For advisors, this shift signals a broader evolution in wealth management. Fine art and collectibles are no longer ornamental interests, they can shape strategies and influence decisions in financial planning. In this new landscape, understanding the cultural capital behind a canvas or vintage watch collection is essential to holistic wealth planning. Scotia Wealth Management is responding with the launch of Canada’s first integrated advisory platform for Fine Art & Collectibles.

“What our clients display on their walls or hold in their collection can have a meaningful impact on tax, liquidity, and estate planning,” says Robyn McCallum, Director, Art and Collectibles, Scotia Wealth Management. “It’s an asset class that carries emotion and complexity. That’s where thoughtful planning makes the difference.”

According to the Deloitte report, nearly nine out of ten wealth managers emphasize the need for integrated advisory relationships, connecting art with estate planning, philanthropy, and legacy creation. That trend is taking shape in Canada as clients ask more complex questions about valuation, insurance, and succession.

Many collections quietly represent substantial value, yet they’re not often discussed in portfolio reviews. These collections can be inherited, gifted, or accumulated over decades, often without a clear record of provenance or valuation. Without proper documentation, advisors operate with incomplete information which can complicate donations, insurance claims, or transfers to heirs making documentation and risk management key areas of focus.

Liquidity is another factor gaining attention. Art and collectibles are now commonly used to unlock capital without requiring a sale. Structured credit backed by art is becoming a sophisticated financing tool, supporting business investment, philanthropic giving, or portfolio diversification while the client retains ownership.
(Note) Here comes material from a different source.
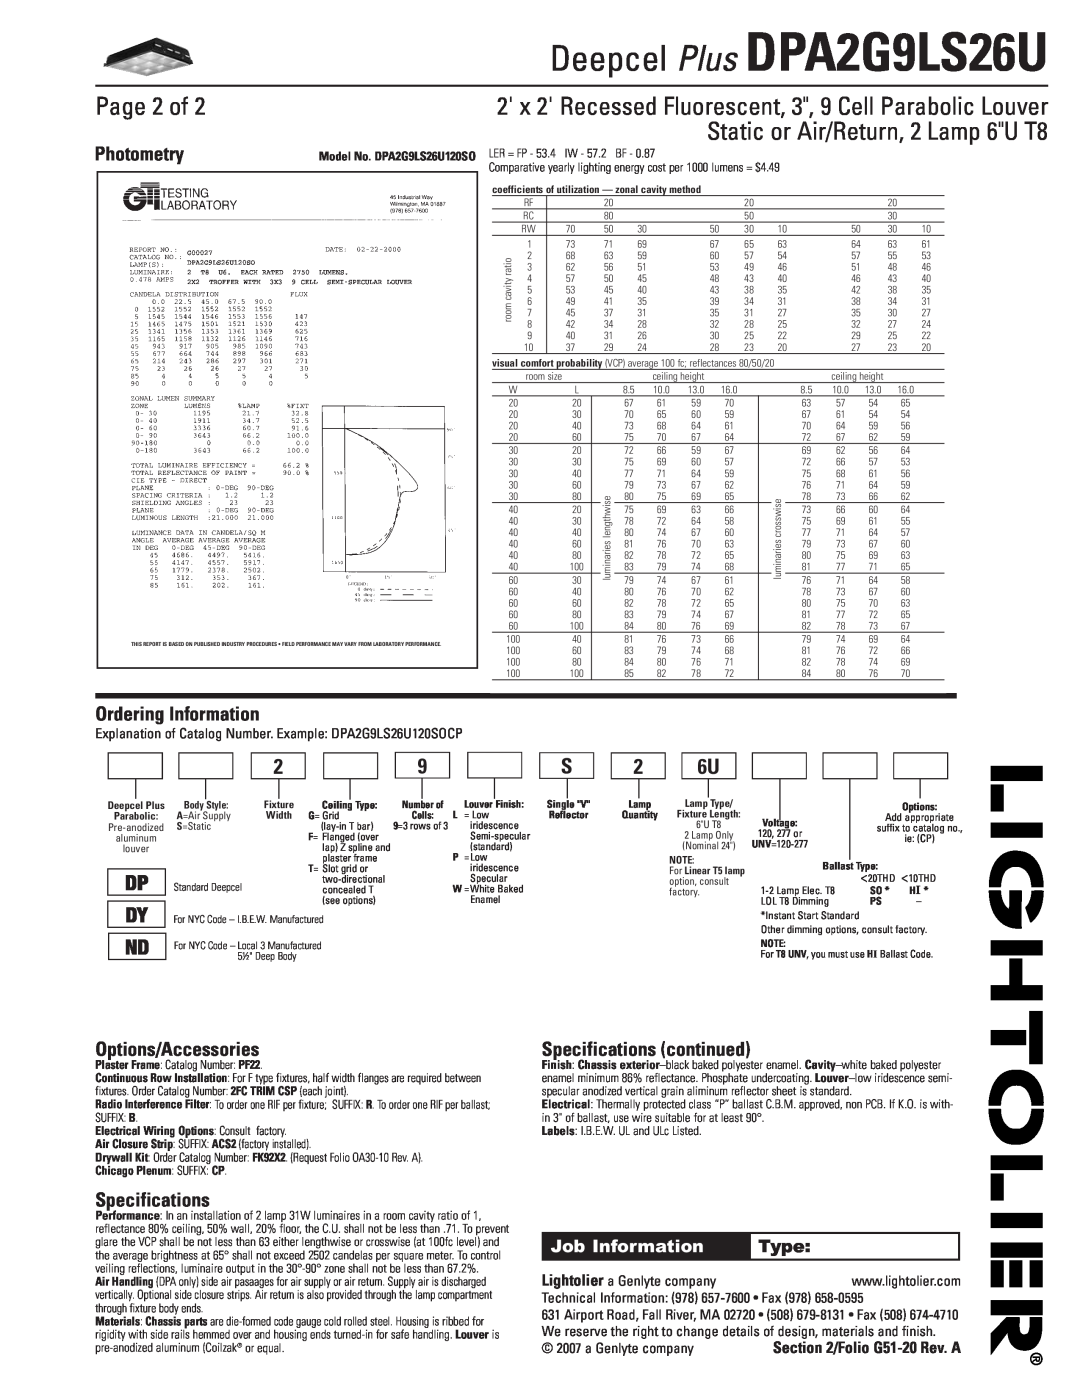 Lightolier DPA2G9LS26U Page 2 of, Photometry, Ordering Information, Options/Accessories, Specifications continued, 2 6U

Art-secured lending, for instance, allows clients to access liquidity using fine art or collectibles as collateral without selling the pieces. “We’ve had clients who needed to finance a business expansion but didn’t want to divest from their collection, and this lending solution offered them financial flexibility while maintaining ownership of an important and meaningful asset,” says Griffiths.

Collectibles have no fixed boundaries. Alongside paintings and vintage cars are digital works, archives, and creative rights. When clients connect their collections to a broader purpose, the conversation shifts from ownership to stewardship. It becomes about legacy as much as liquidity. “Our role is to help preserve their financial, cultural, and personal value as part of a cohesive wealth management plan,” McCallum says.